┌─ DATA EXTRACT

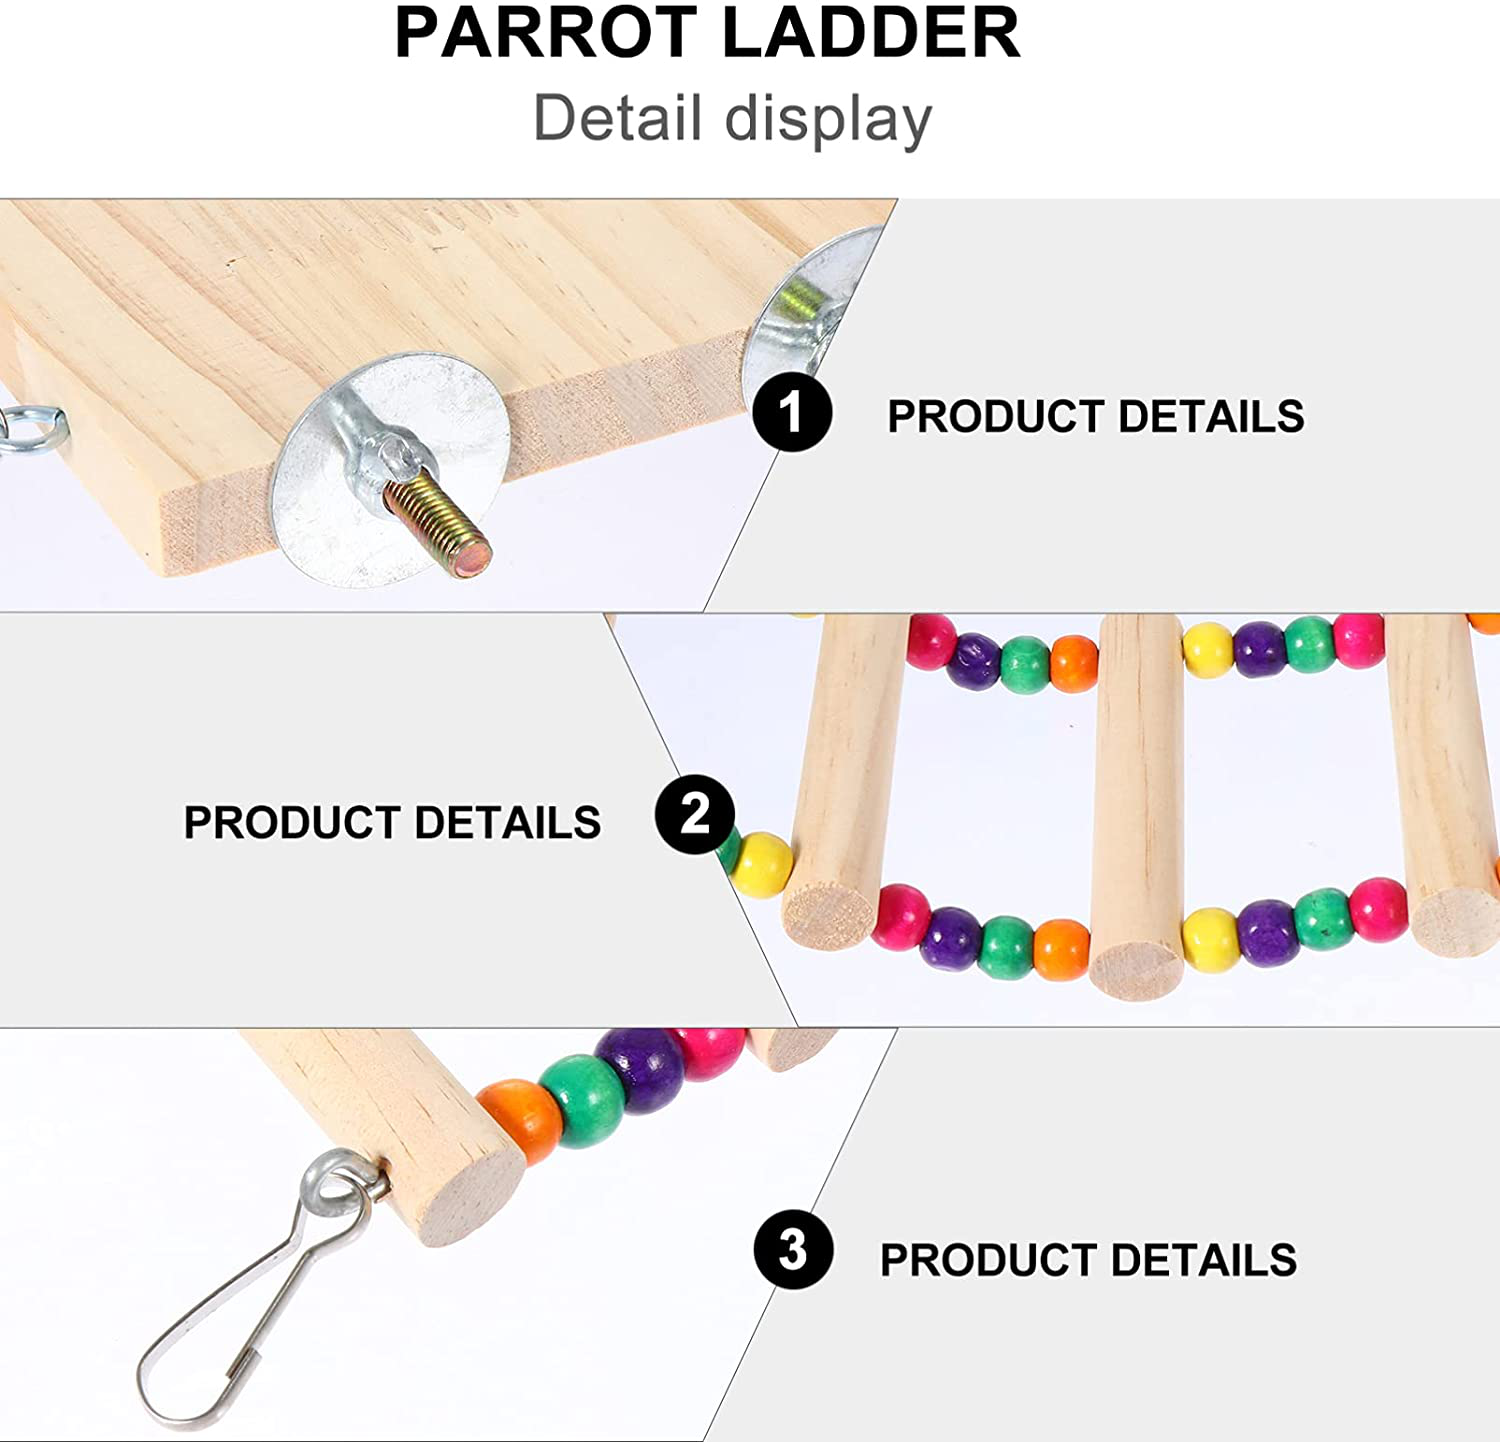 NUOBESTY Bird Ladder Perch Wood Parrot Bird Perch Stand Platform with Swing Bridge for Pet Training Playing Flexible Birds Cage Accessories
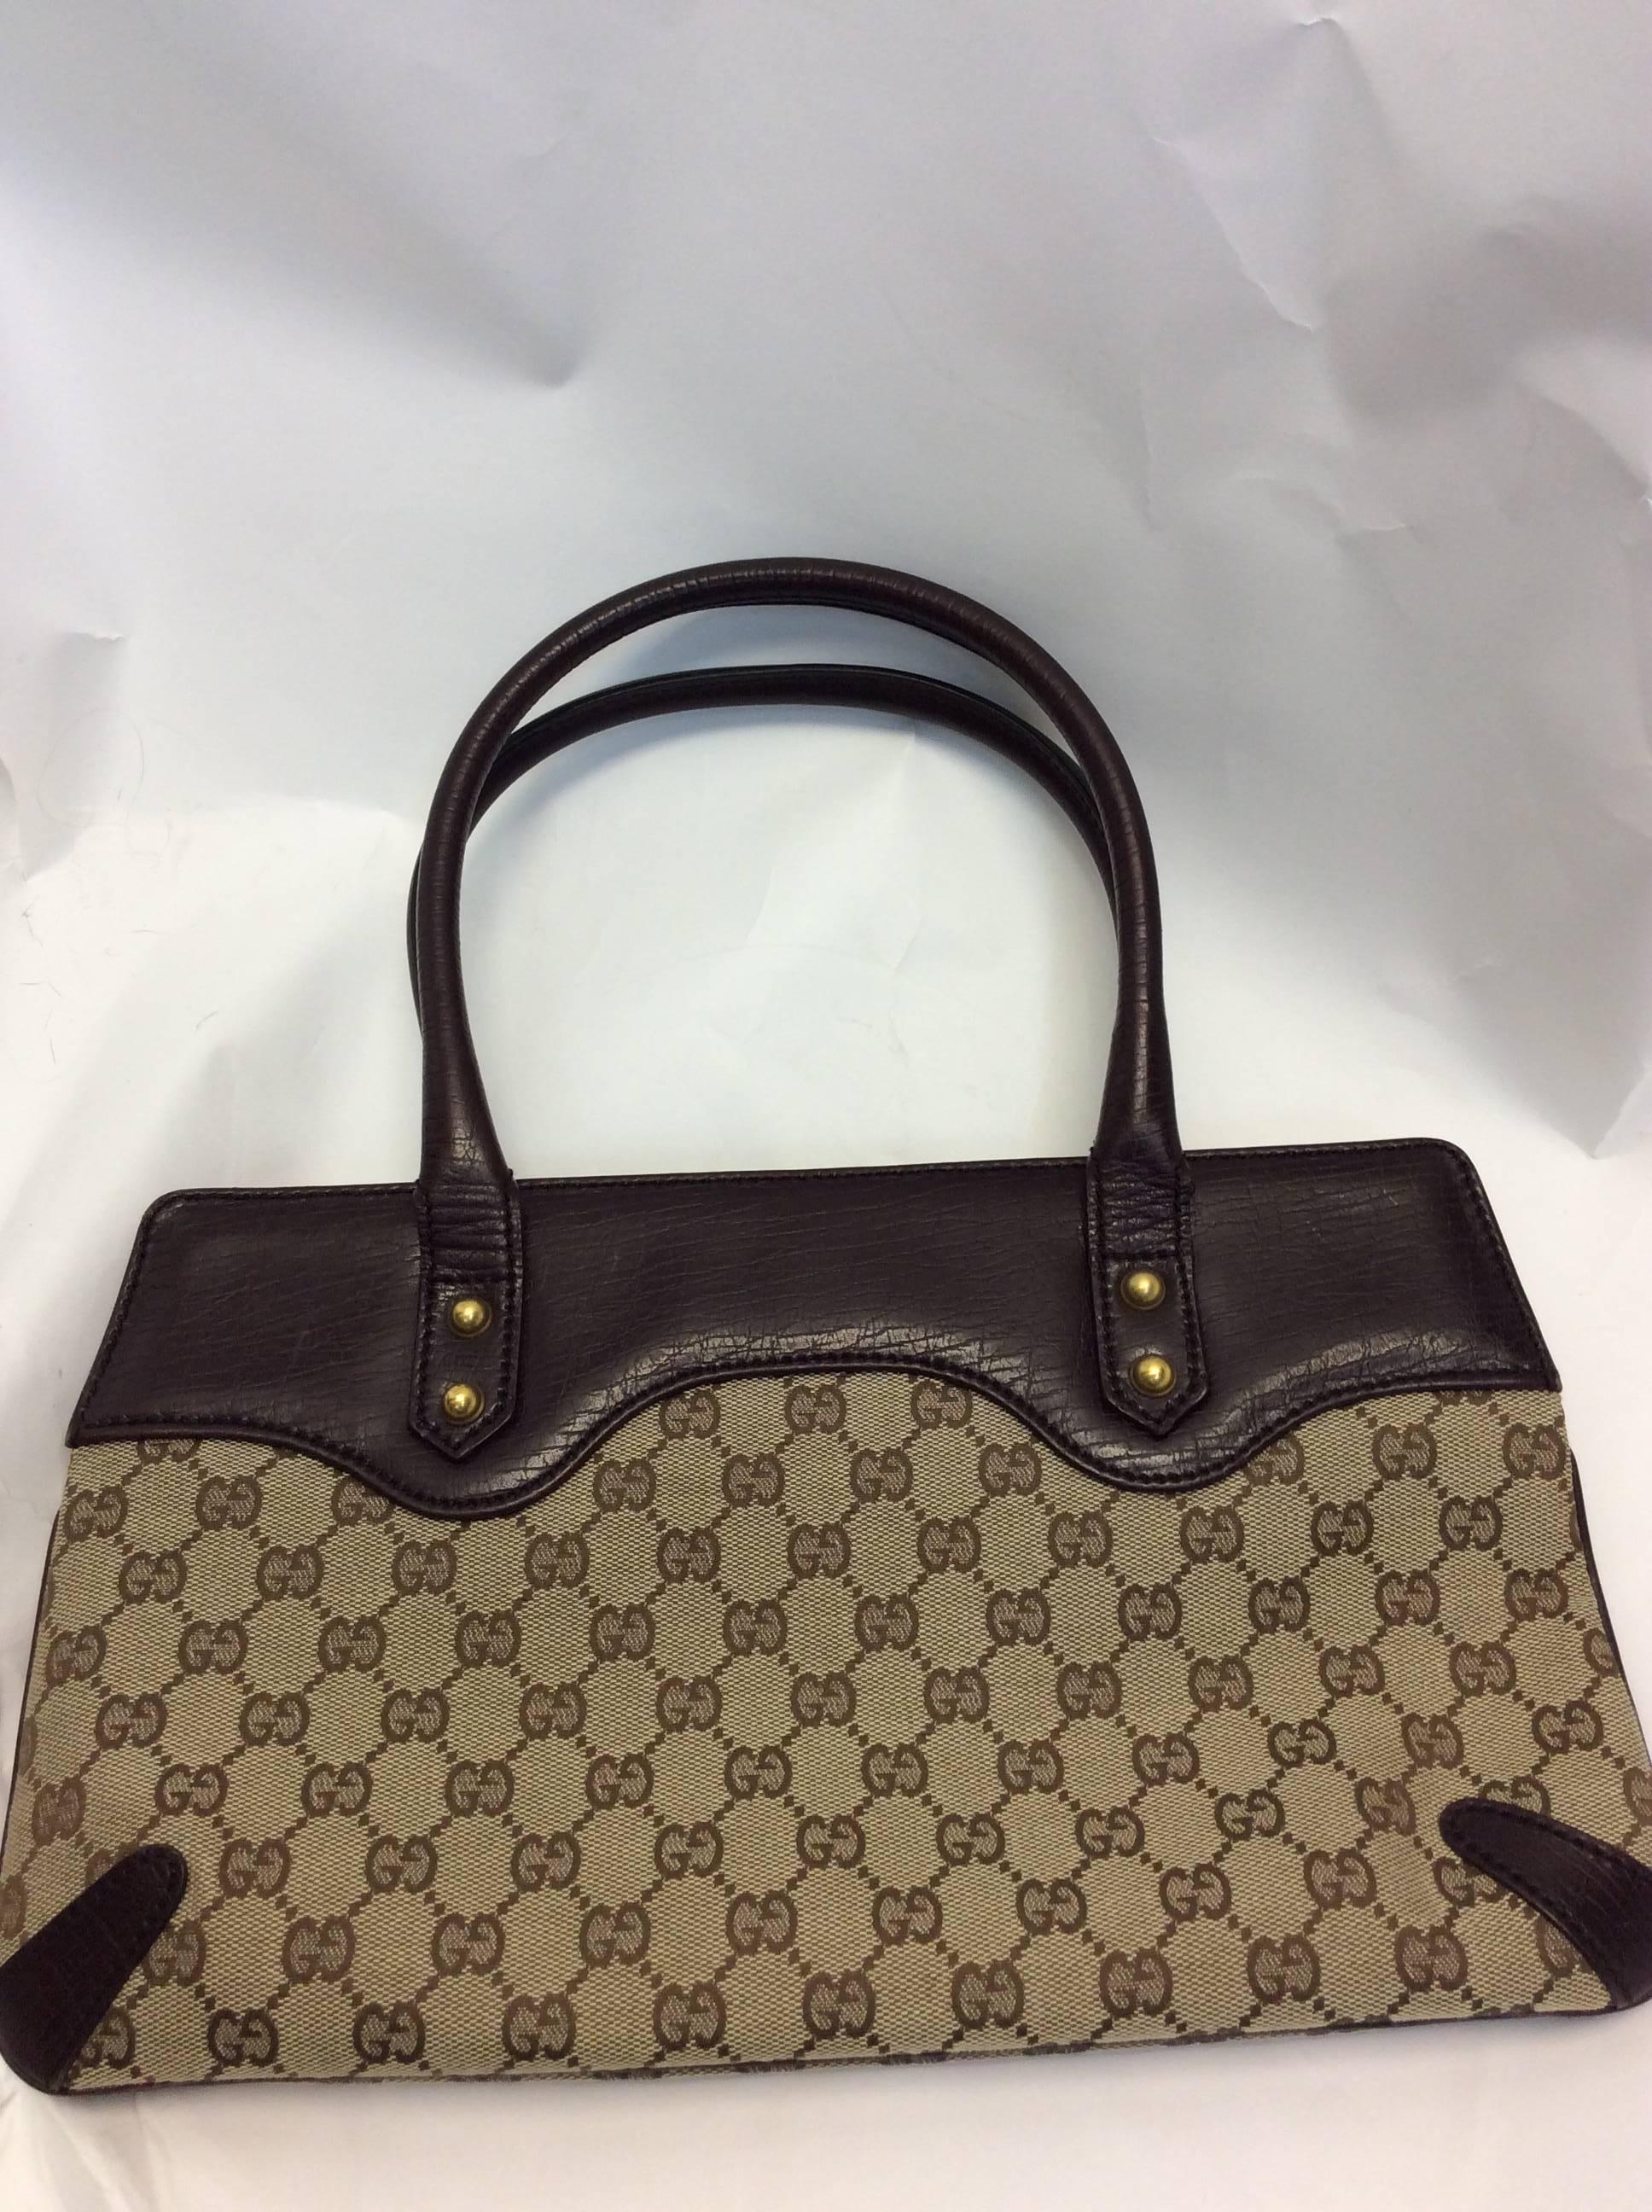 Gucci Logo Leather Horsebit Bag In Excellent Condition For Sale In Narberth, PA
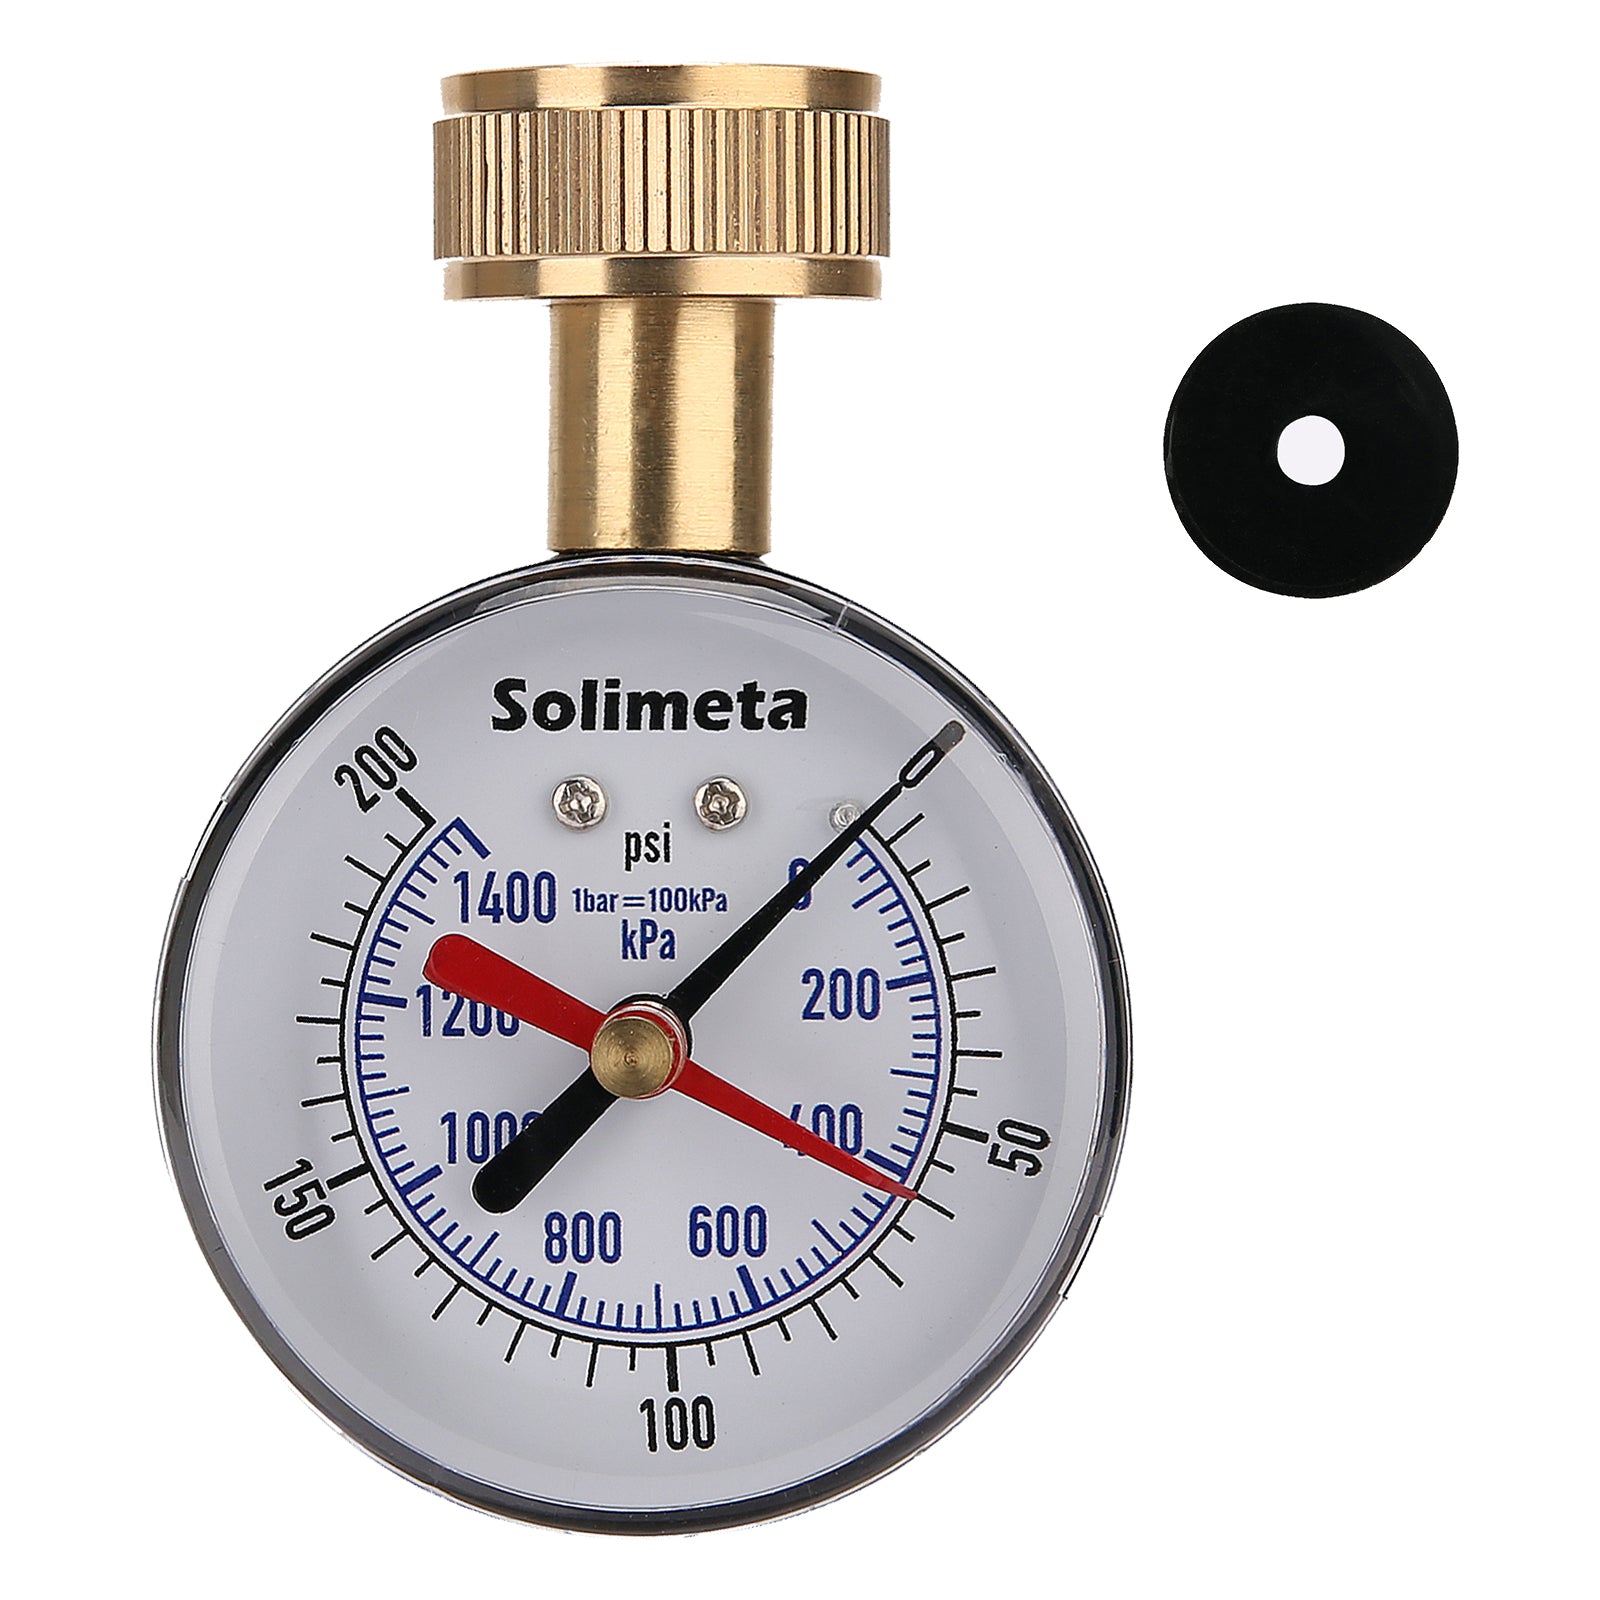 Water Pressure Test Gauge 3/4" Female Hose Faucet 0-200 PSI Free Shipping NEW

└─

> _WHAT IS REQUIRED_
Repeat word for word only the lines from the line holding "Gucci Logo Leather" to the final line of the material, both included. Don't carry over any picture.

> _RESPONSE AREA_
 Gucci Logo Leather Horsebit Bag In Excellent Condition For Sale In Narberth, PA
 Water Pressure Test Gauge 3/4" Female Hose Faucet 0-200 PSI Free Shipping NEW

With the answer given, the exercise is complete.